AI Based Animal Detection and Repellent System
Ms. KV Sneha, Amaljith pp, Jeffery Lino Joseph, Lisa Mary Mathew, Swathi Priya p
Professor, EEE Department, Vimal Jyothi Engineering College, Kannur, India EEE Department,
Vimal Jyothi Engineering College, Kannur, India
Abstract - Wild animals entering agricultural fields has become a growing concern, especially for farmers living near forest areas and wildlife corridors. In many regions, farmers experience significant crop damage when animals wander into their fields in search of food, most often during the night. Due to rapid urbanization, deforestation, and the gradual loss of natural habitats, wild animals are forced to move closer to human settlements as their traditional food sources become scarce.
Farmers have traditionally relied on methods such as electric fencing, staying awake to guard fields at night, or using firecrackers to scare animals away.

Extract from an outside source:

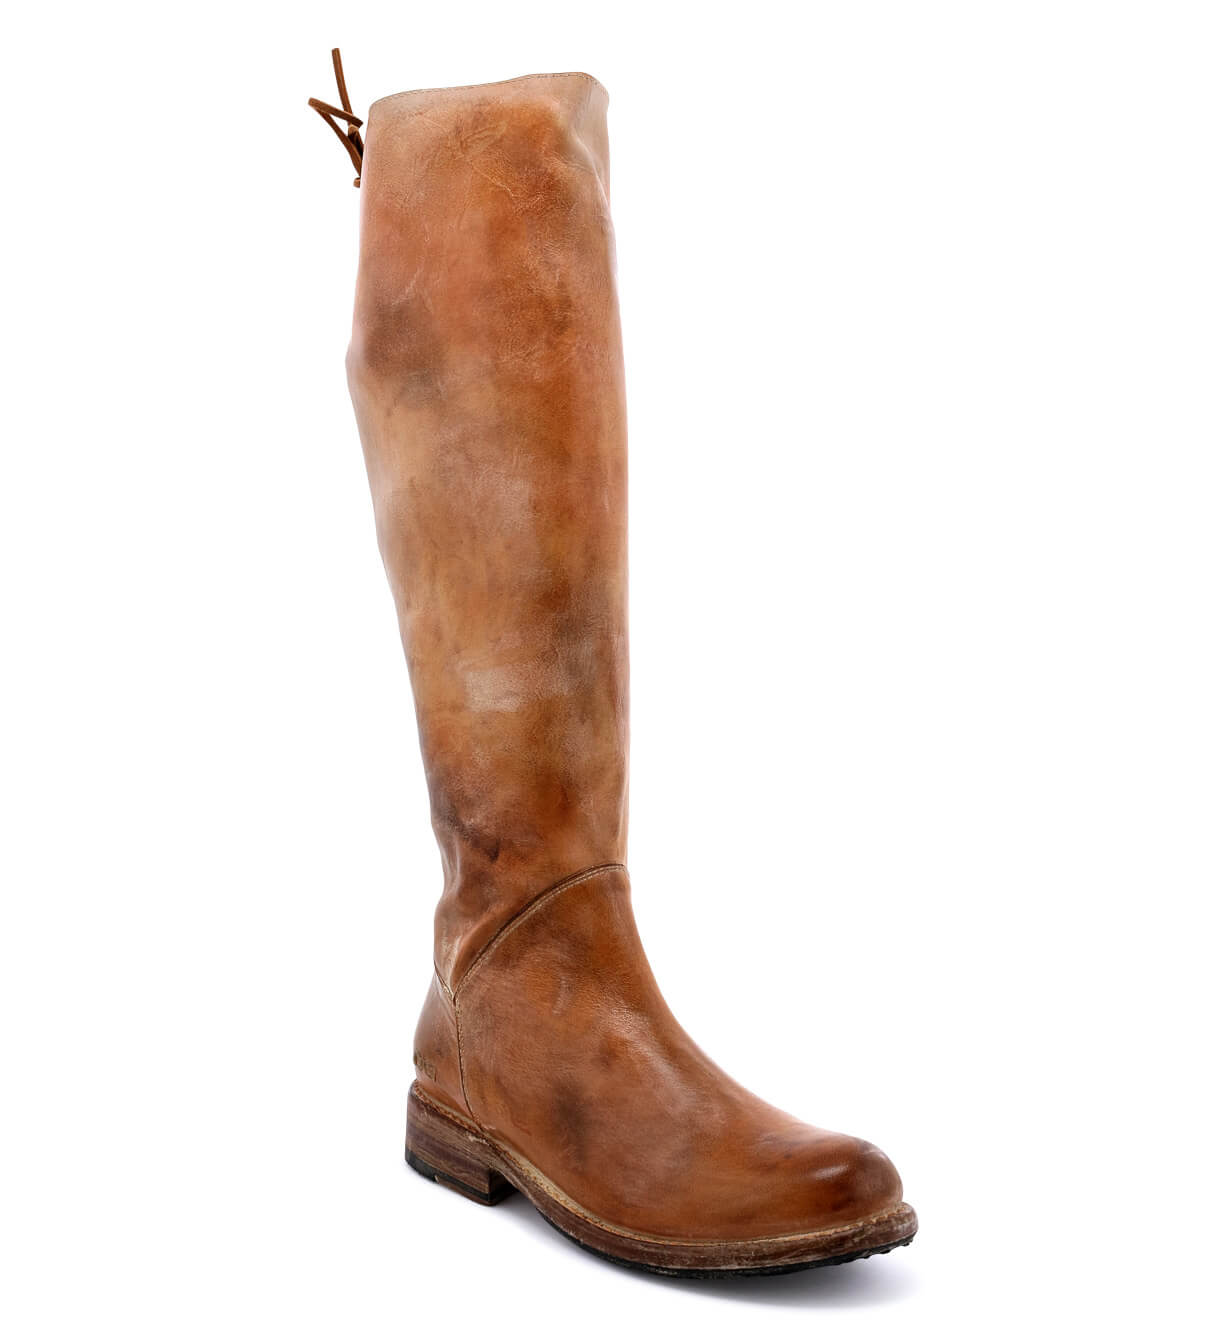 A women's Manchester leather boot by Bed Stu on a white background.

However, these methods are often temporary, costly to maintain, physically exhausting, and sometimes unsafe for both humans and animals. In many cases, they also fail to provide a long-term or sustainable solution.

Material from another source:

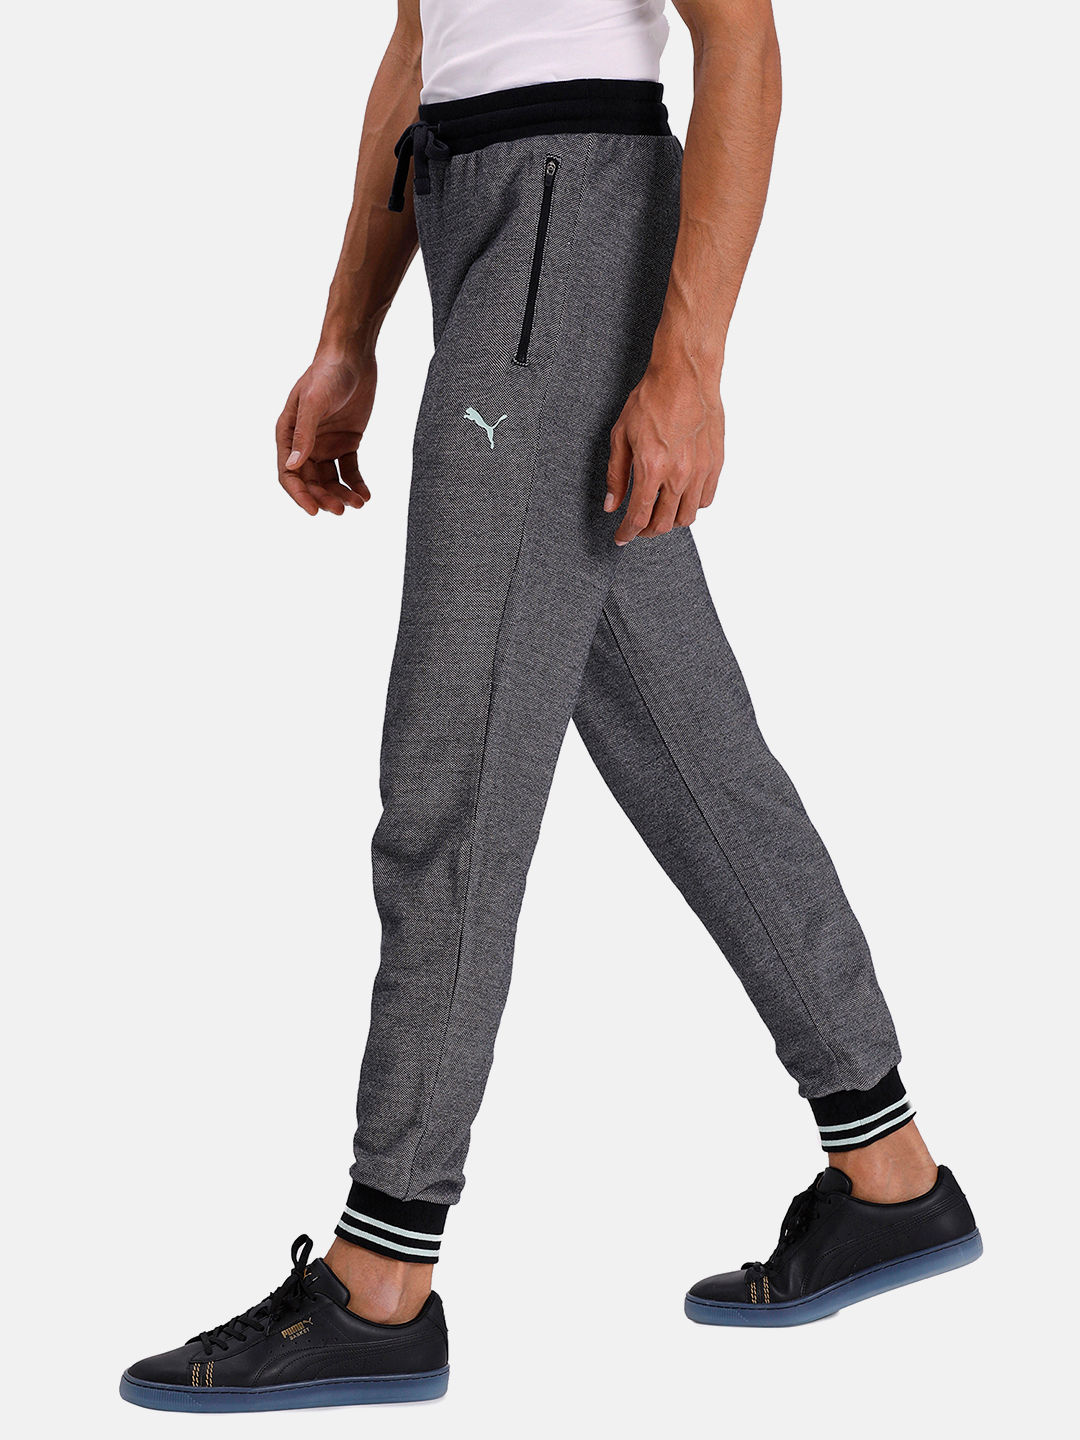 Puma Trousers - Classic+ Flared - Black » New Products Every Day

To overcome these challenges, this project proposes an AI-Powered Animal Intrusion Detection and Repelling System that offers an intelligent, automated, and humane approach to field protection. The system uses the advanced YOLOv11 object detection model to identify different animal species in real time through live video captured by an IP camera installed in the field. The model runs on a GPU-enabled laptop, ensuring fast and accurate detection with minimal delay.

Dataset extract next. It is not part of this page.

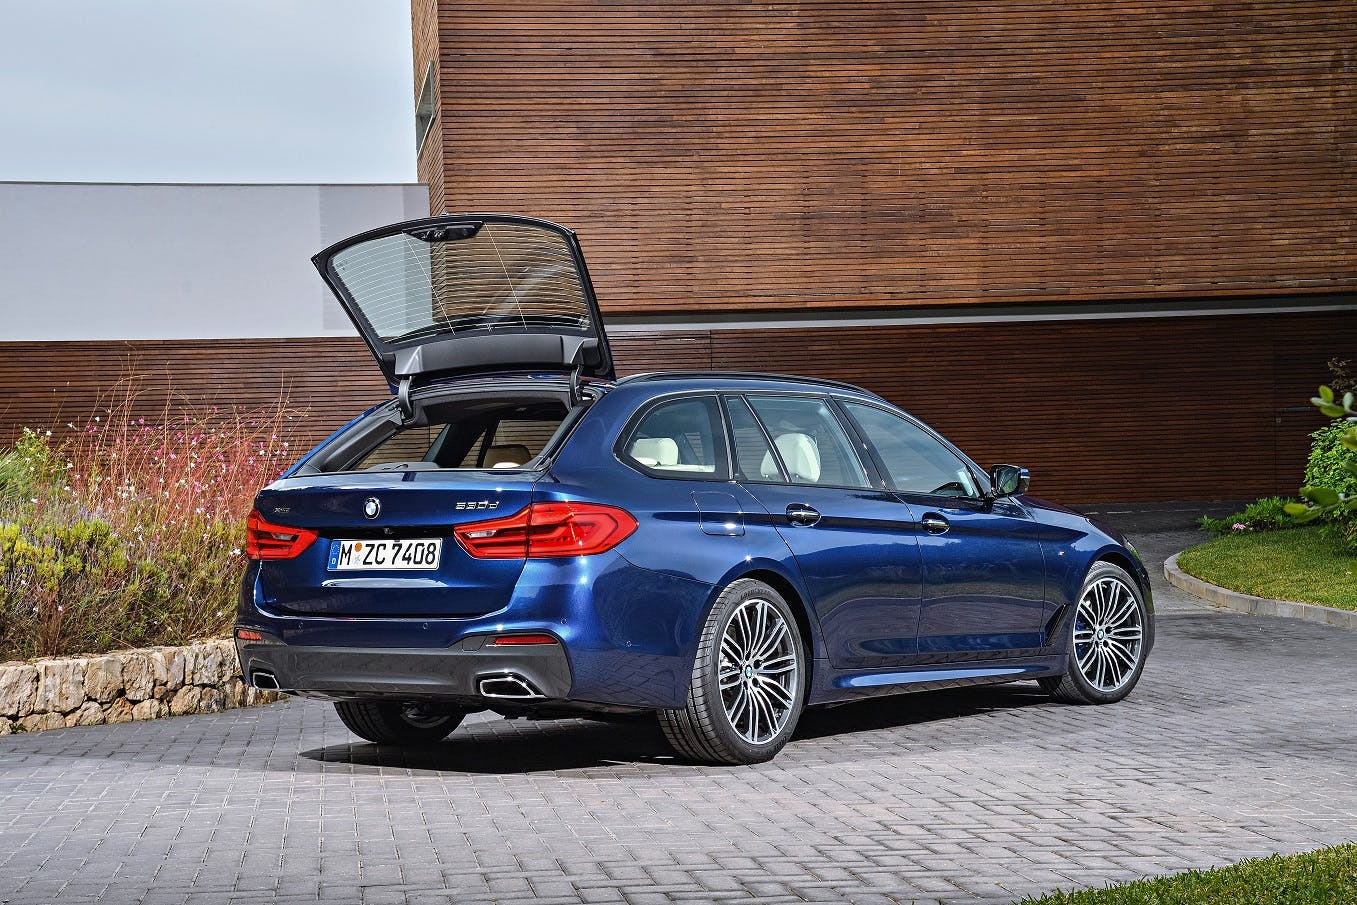 https://images.prismic.io/shacarlacca%2F6a2ba25c-3df1-40fc-ba96-10b4f783a55b_p90244997_highres_the-new-bmw-5-series.jpg?auto=compress,format&rect=0,0,1357,905&w=1357&h=905

Once an animal is detected, the system automatically activates non-lethal deterrent mechanisms such as water spraying, flashing lights, and species-specific sound alerts. These methods are designed to safely scare the animal away without causing injury. At the same time, important details such as the time of detection, the type of animal identified, and the confidence level of the prediction are stored in a Firebase Realtime Database. Instant notifications are also sent to farmers through a user-friendly Android application developed using Kodular, allowing them to monitor their fields remotely.
Overall, this system provides continuous real-time monitoring, remote access through a mobile application, cost-effective operation, and humane animal control. By combining Artificial Intelligence, IoT technology, and smart automation, the proposed solution aims to significantly reduce crop losses while promoting peaceful coexistence between humans and wildlife.
Key Words: Artificial Intelligence, Human–Wildlife Conflict, YOLOv11, Object Detection, Smart Agriculture, IP Camera Monitoring, IoT System, Firebase Database, Android App, Real-Time Alerts, Non-Lethal Animal Repellent, Automated Field Protection.